March 8
It's funny how we never know where our strongest assets lie until we have the courage to try something new. I was hired to be a keynote speaker at Texas A&M University for the 13th Annual student conference on Latino affairs. I flew out to Houston and caught a connecting flight to College Station where I was met by a young woman from the University. First thing, I was amazed at how large the airport was in Houston. This thing wasn't an airport, it was a city! A very big city!
I was winded by the time I got from where my plane landed to the gate for my connecting flight! That wasn't all though! I knew I was in for it when I walked through my gate door and I was greeted by the great big Texas outdoors! It's not a good sign to me when I have to walk across a tarmac to get on a plane.
Remember I was born in a small Central American country where the passengers cheer when the plane lands safely! No, we are not an extremely joyous people, we are just grateful it landed all in one piece!
Secondly when I was a cop I was on a tactical Special operations Unit for over 6 years.
If you're walking on tarmac, it means you were either going to jump or repel out of a perfectly good plane/helicopter!
So you see why I wasn't too thrilled here?

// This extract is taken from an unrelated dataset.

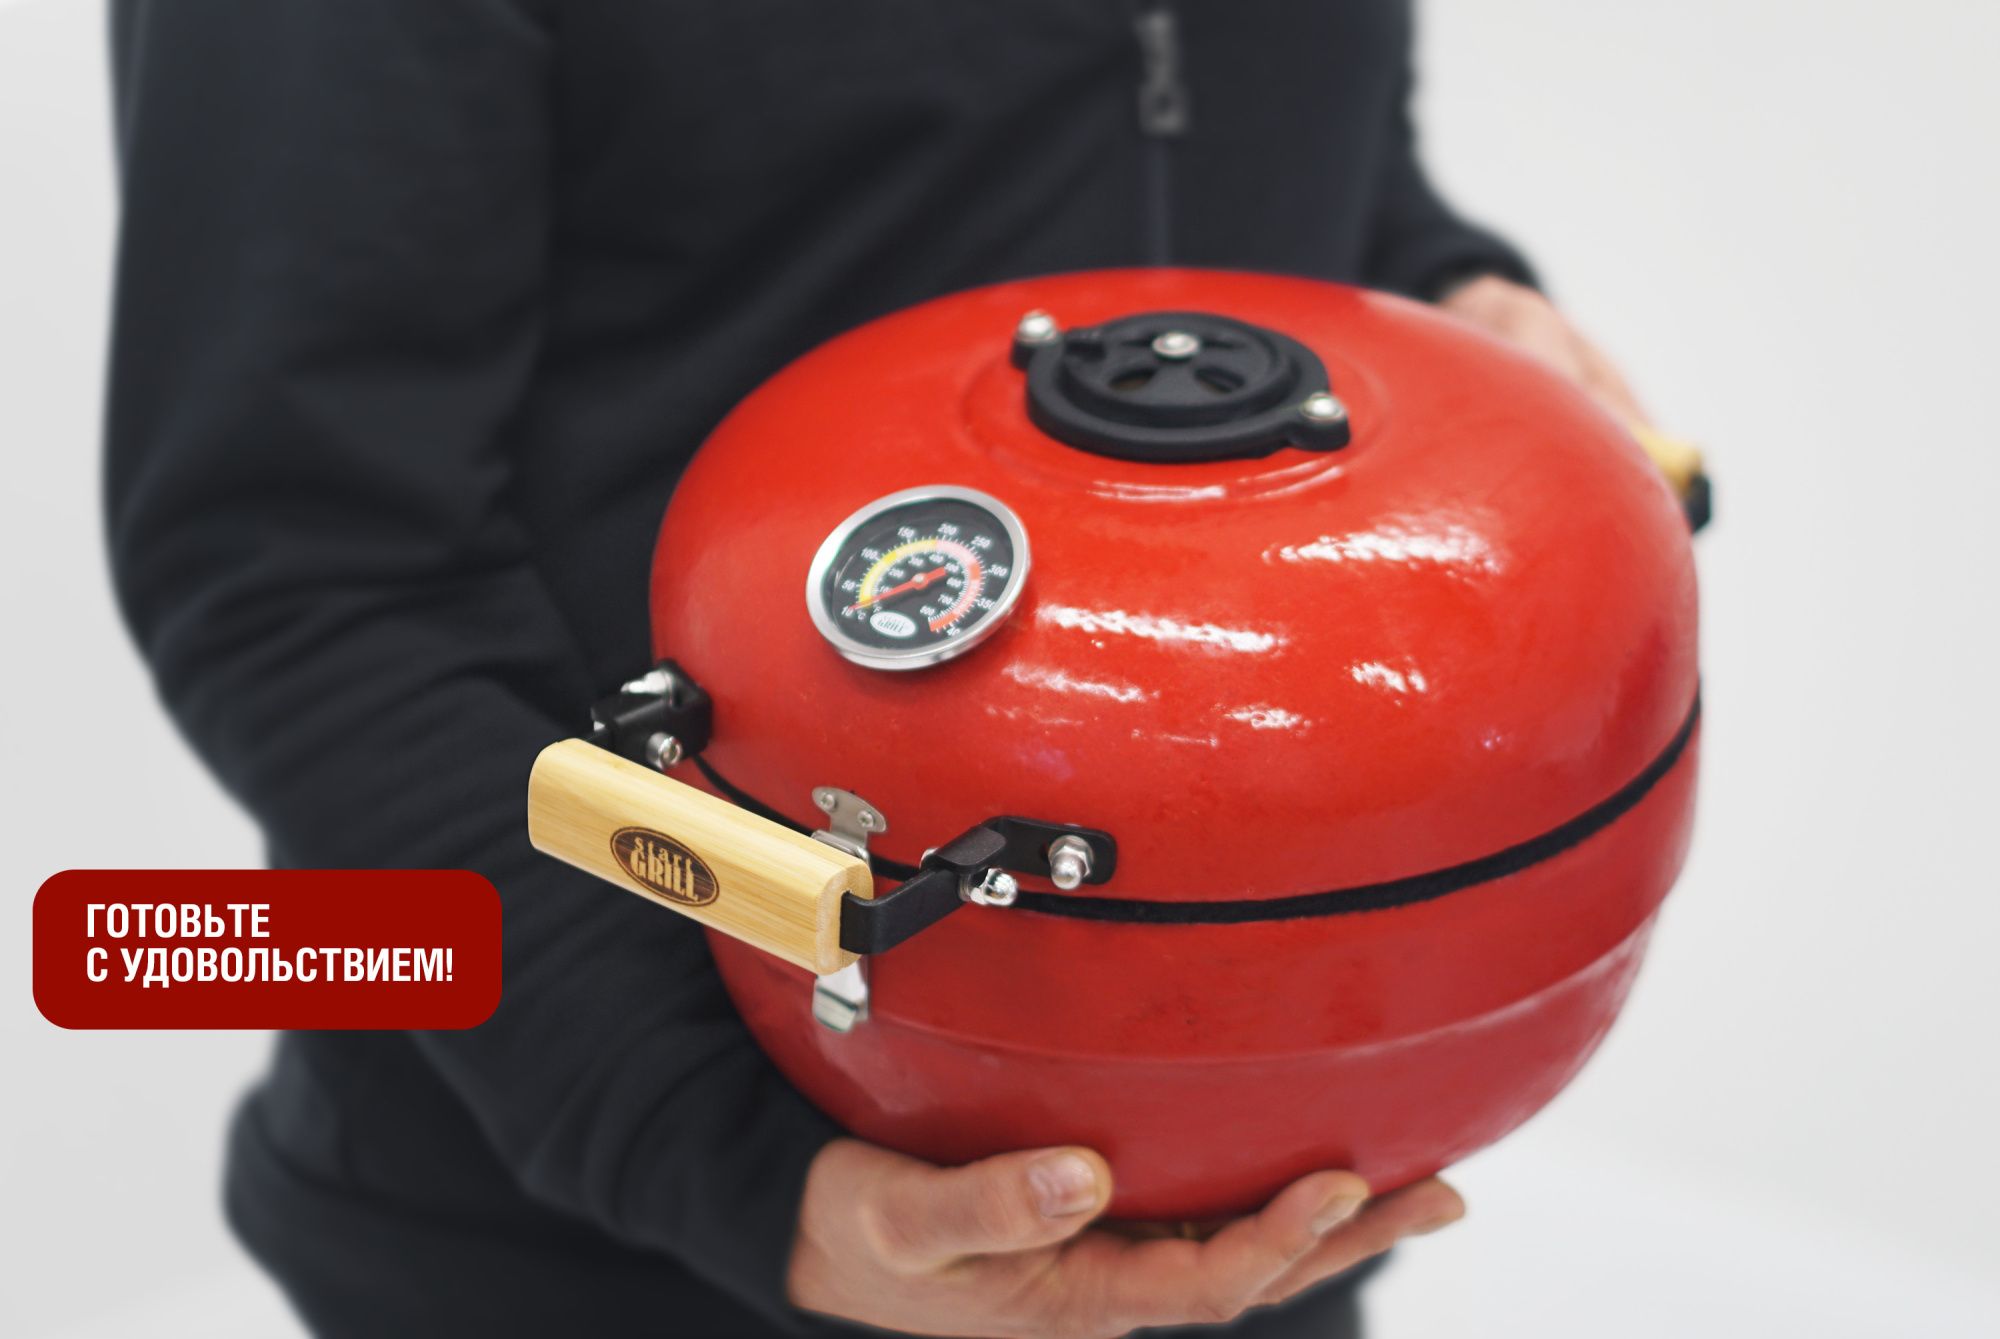 Портативный керамический гриль TRAVELLER 12 дюймов (красный) (30,5 см)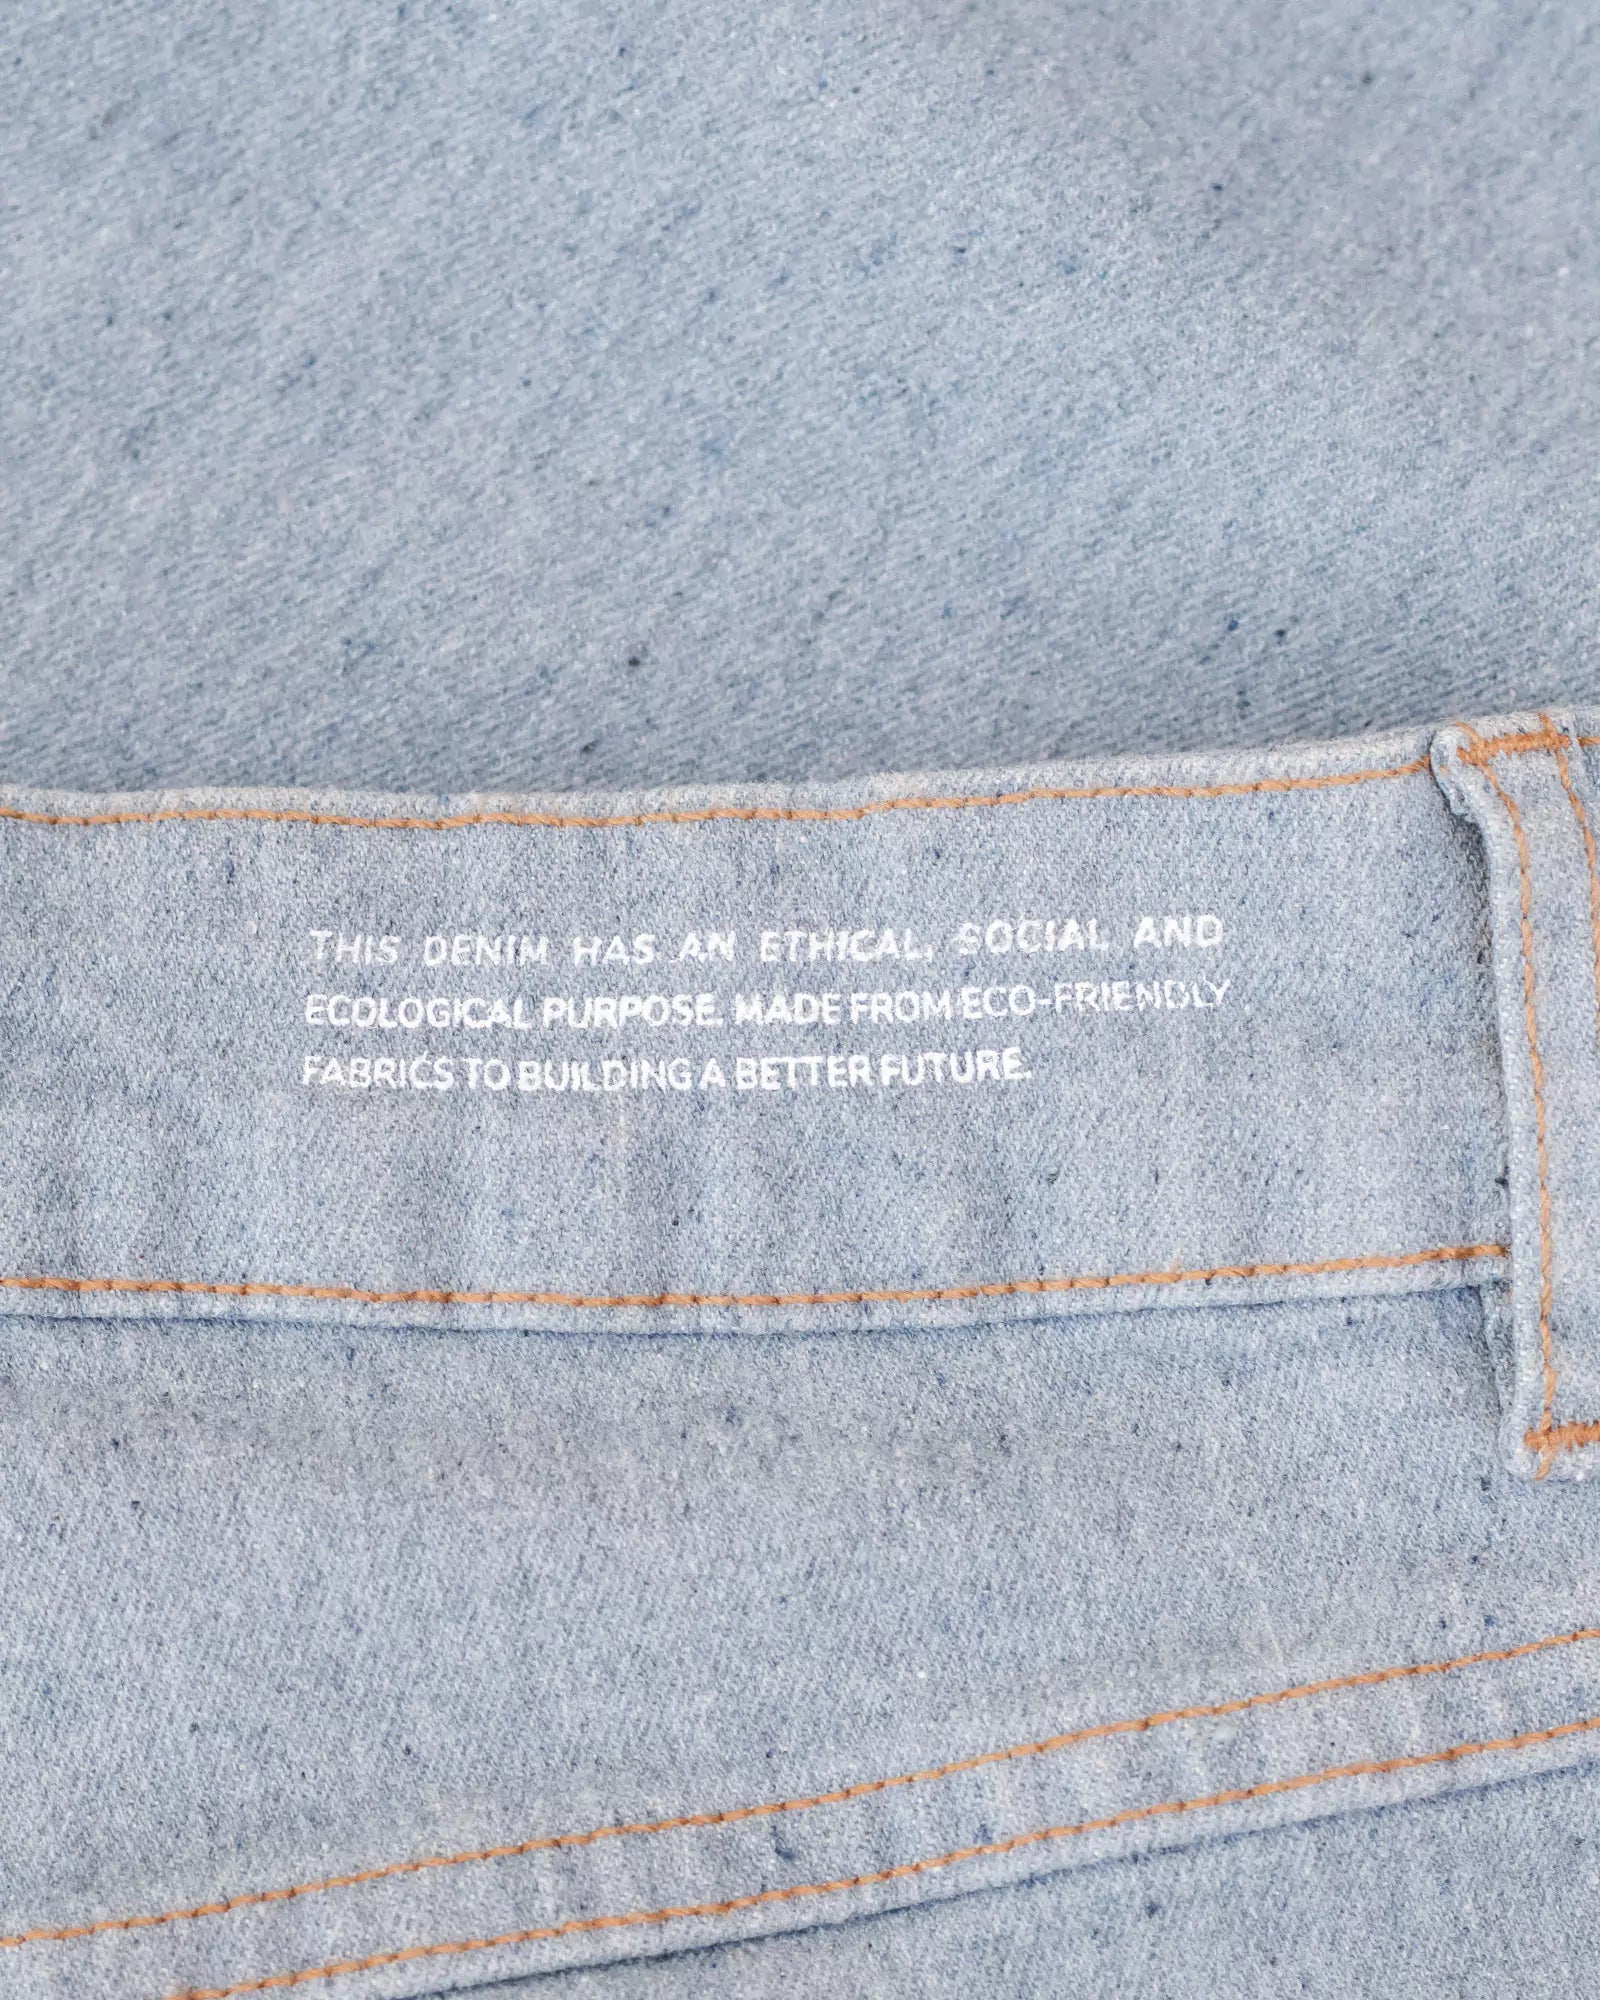 Calça Skinny Jeans Azul Claro Eco Denim™. Compre online moda sustentável e atemporal na Minimadeia. Roupas femininas estilosas, básicas e sustentáveis. Foto produto destaque

Anyway I boarded the sardine can, I mean plane. I had a bag of peanuts thrown at me and before I could eat the last one we had landed! There is a God!
I walked through tarmac again to the tiny airport (looked more like a car rental place!) When I see this sweet-looking, Latina woman, holding a brightly-colored card with my name on it!
I walked up to her and introduced myself only to be greeted with a very heart-warming "Howdy!"
Yeah, I knew I wasn't in New England anymore! She took me to the guest facilities they have at the University and asked me what time I would like to go to dinner.
I wasn't sure so she said she would call me later to check! When I was alone I looked around the room then it suddenly hit me, how far the little "bookworm" from Cambridge, Massachusetts had come.
No, I wasn't Oprah, not yet anyway, but I was someone people were willing to pay to hear speak!
It was unbelievable to me!
When I was growing up in one of the poorest neighborhoods in Cambridge I just wanted to be invisible.
If I was the center of attention it meant I had gotten someone mad at me and I was going to get it. By "it" I didn't mean a prize either!
It meant I was going to get an old fashion belt-whopping! As a result of that I was very quiet and kept to myself.
I tried not to speak in school because either the other kids would make fun of me because I was considered a bookworm or I would get caught by the teachers for something someone else did and wind up in trouble either way!
Making friends had come easy to me when I was little but as I got older it got harder and harder to connect with people.
It was funny because as a young girl I had dreams of being a big movie star someday!
I dreamt of bright lights and my name in huge letters on Times Square.
My mistake was sharing those dreams with my family and they made sure they laughed them right out of me, until there was nothing left of them but a faded memory.
It wasn't until I became a police officer that I started to find my voice again.
Or should I say find my voice, period! But in reality it wasn't until I was in my second marriage that I realized I had a story to tell.
I don't remember the first time I spoke in front of a group or what I said.
What I do remember was people coming up to me afterwards telling me how much I had moved them!
I really thought they were just trying to be nice. But soon more and more people asked me to speak and more and more people told me they were touched by my words.
I didn't give it much importance until one day when I was trying to figure out what to do with my life.
I told Mel that I felt like I didn't have any special talents I could use to succeed in life.
I knew there were a lot of things I could do well, but there wasn't one thing that I was awesome at!
"You really don't know what your gift is, do you?" he asked me.
"Would I be sitting here asking you if I did?" I asked totally exasperated.
"Someday I'll tell you!" He said with that annoying sly smile of his.
"Unless you want to become the latest murder statistic for our city you better tell me now!" I threatened.
"Okay, okay, back off killer", he said, "You my lovely wife have the gift of gab!"
"Oh, great, I'm a big mouth! Terrific, I can really go out and conquer the world now!" I replied almost in tears.
"No, you have the gift to talk to people and touch their hearts, their souls. You shake their foundations, and help jump start their dreams again!"
I was shocked to say the least.
It still took me a few more years before I realized he might be on to something.
As a result of that conversation, here I was in Texas, getting paid to do what I loved, talking to people! Helping them find their dreams again. Giving them courage to believe in themselves!
Using a talent that I would never had discovered had I not had the courage to soul search to find it.
Even more important, it was a result of doing the one thing that I was totally afraid to do.
I guess I felt the fear and did it anyway! Now if only I can tell myself that flying in a sardine can is okay too!